Arthur didn't answer. His face wasn't frozen anymore, though the expression on it was a bit hard to read. Pain, Eames thought, or maybe hope. He was a wild thing, poised and delicate, so very lethal. It stirred something in Eames, something tender. Which maybe wasn't the sanest response to lethality, he allowed, but he could hardly have cared less. Arthur drew what he drew, pulled up all the pieces Eames had ever tried to keep safe, and pulled them raw. Arthur made him feel, as real as anything ever had. Eames couldn't have dreamed a better mate.

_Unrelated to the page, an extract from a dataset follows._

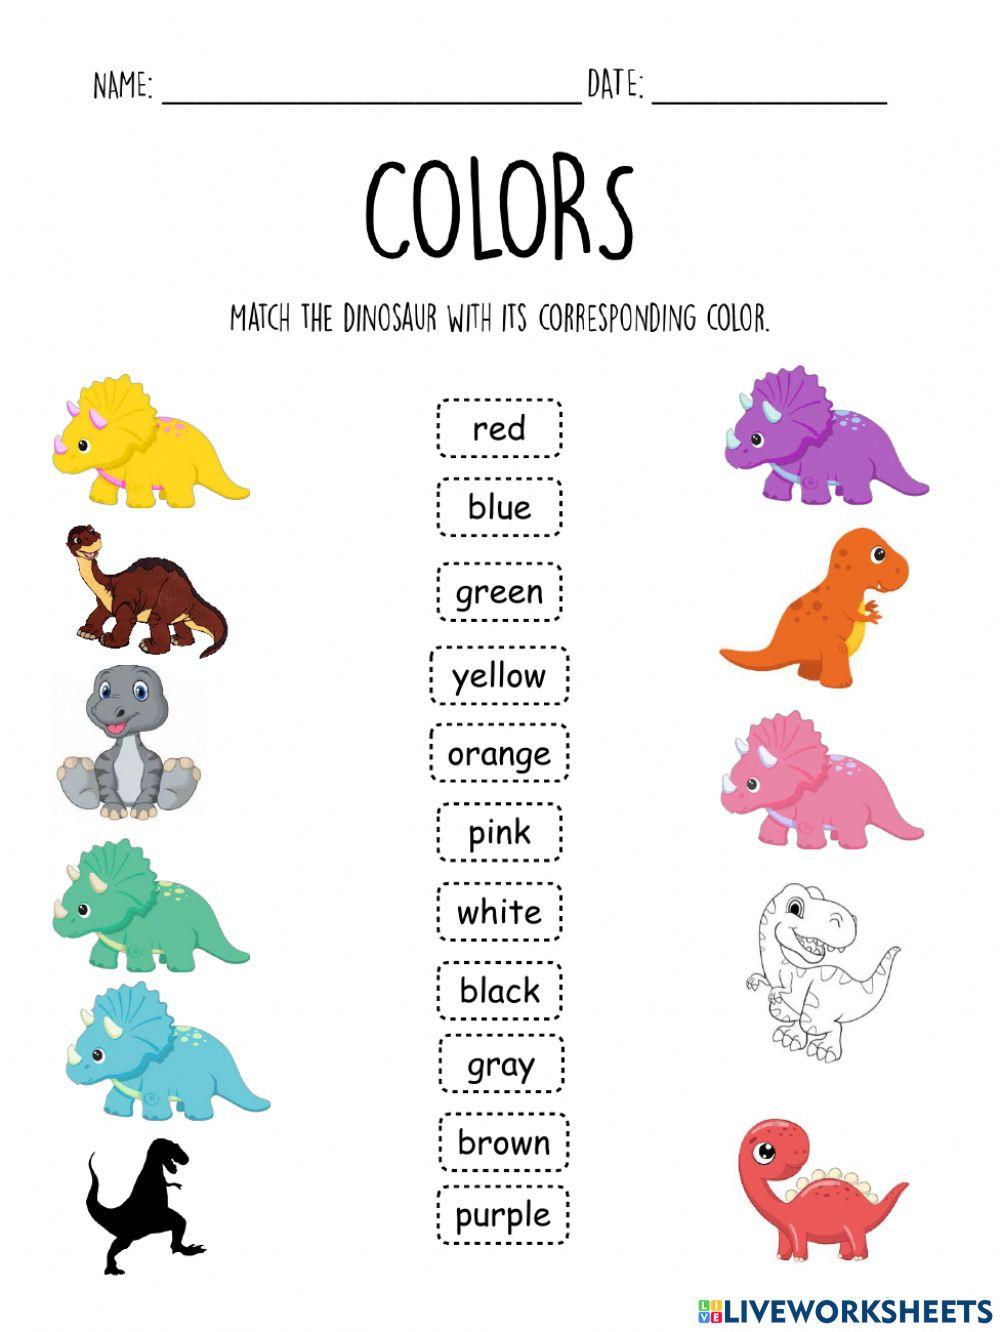 Colors in english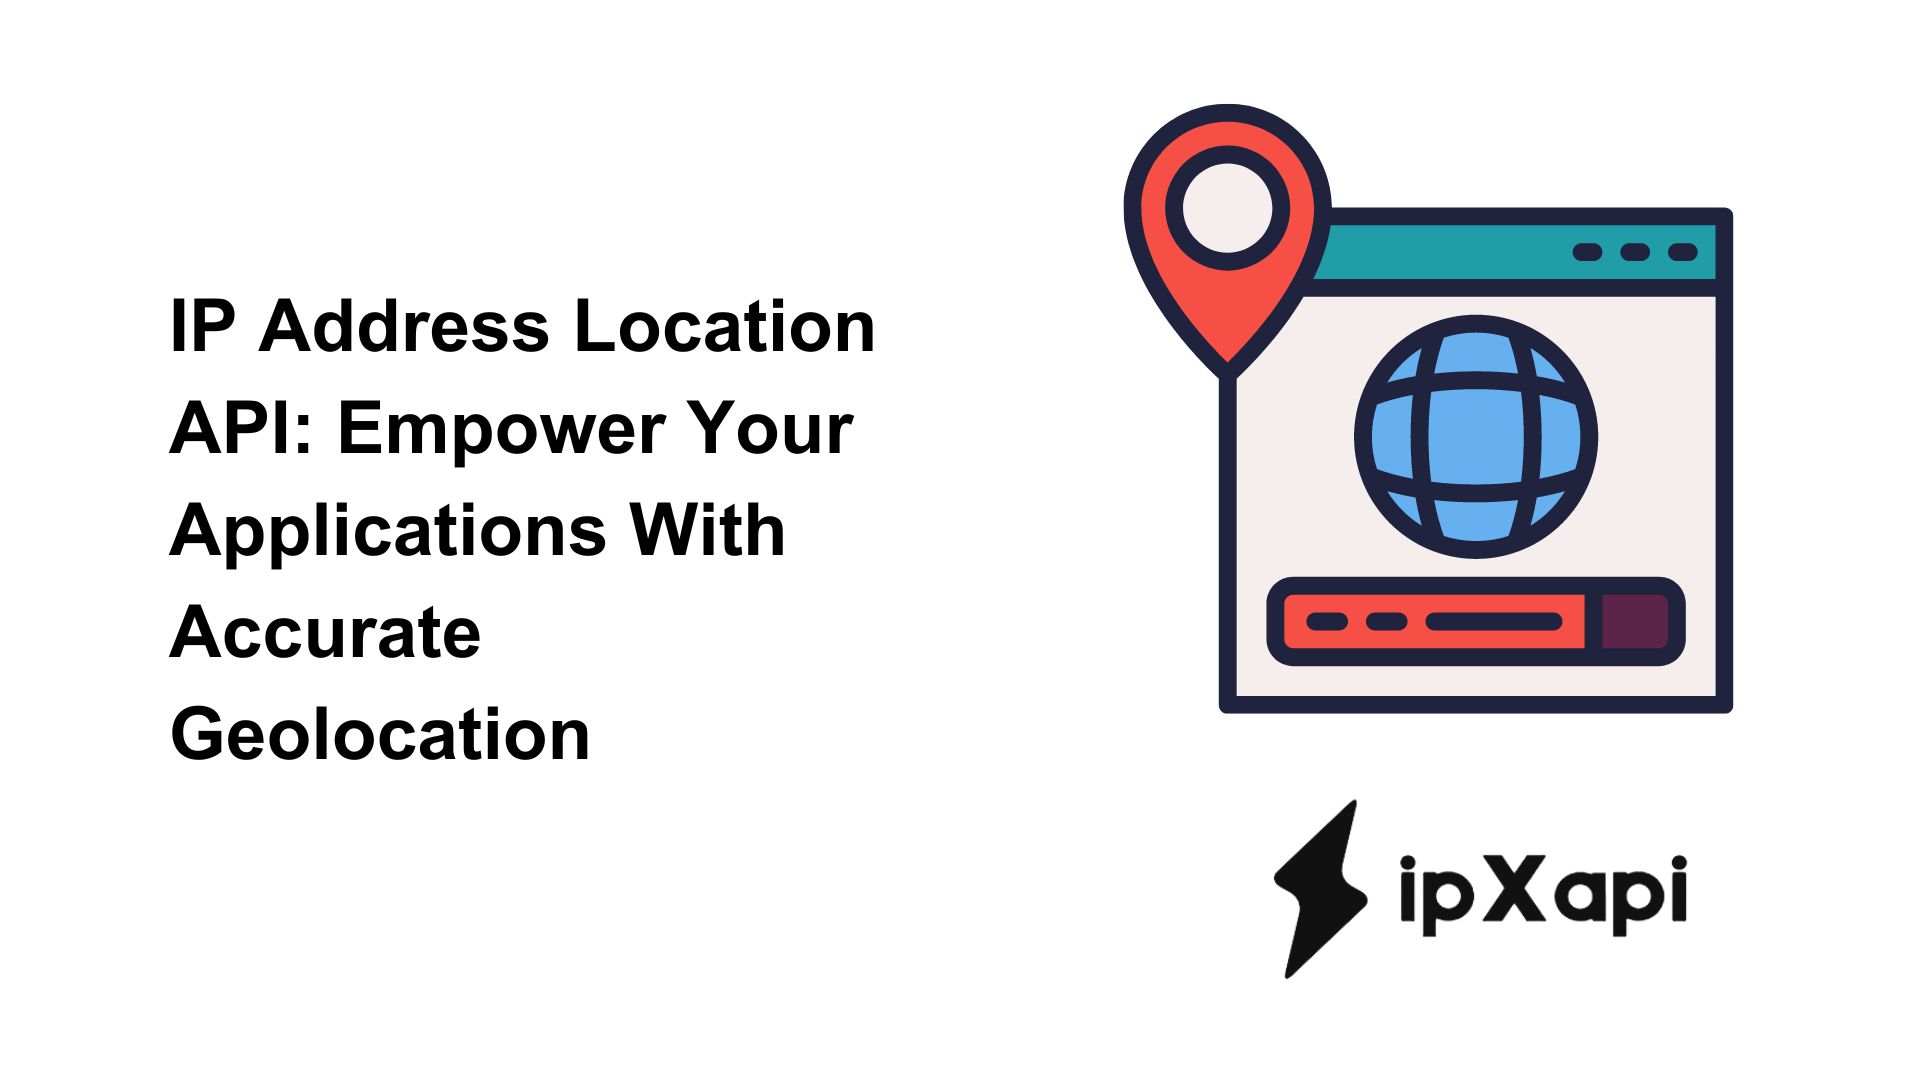 IP Address Location API: Empower Your Applications With Accurate Geolocation

"We live a lot of lies, you and I," he told the man softly. Moving his ankle in its cage of fingers, the better to feel their perfect certainty around it. "You don't like them much, for all you're good at them. I didn't know that, back then, but I think I must have sensed it. Or maybe I just didn't like them too much myself, for all that I was good at them too. Either way. I thought I'd keep the real parts for you. The person they belonged to. So I named 'em. To keep them safe, until we got here."

He shrugged, stiff and maybe a bit more 'worried' himself than he'd like to let on. And still, even still, Arthur didn't answer. He didn't move, standing still and frozen with that wild, hunter-prey thing in his eyes, that lethal terror. A little alarming, maybe. The guns were only a bit of an awkward twist away, and Arthur was so very dangerous when it came to the less concrete realities. Dreams, emotions, and the like. Arthur was always so lethal when afraid.

But then ... No. Not the guns. Arthur reached for him, instead.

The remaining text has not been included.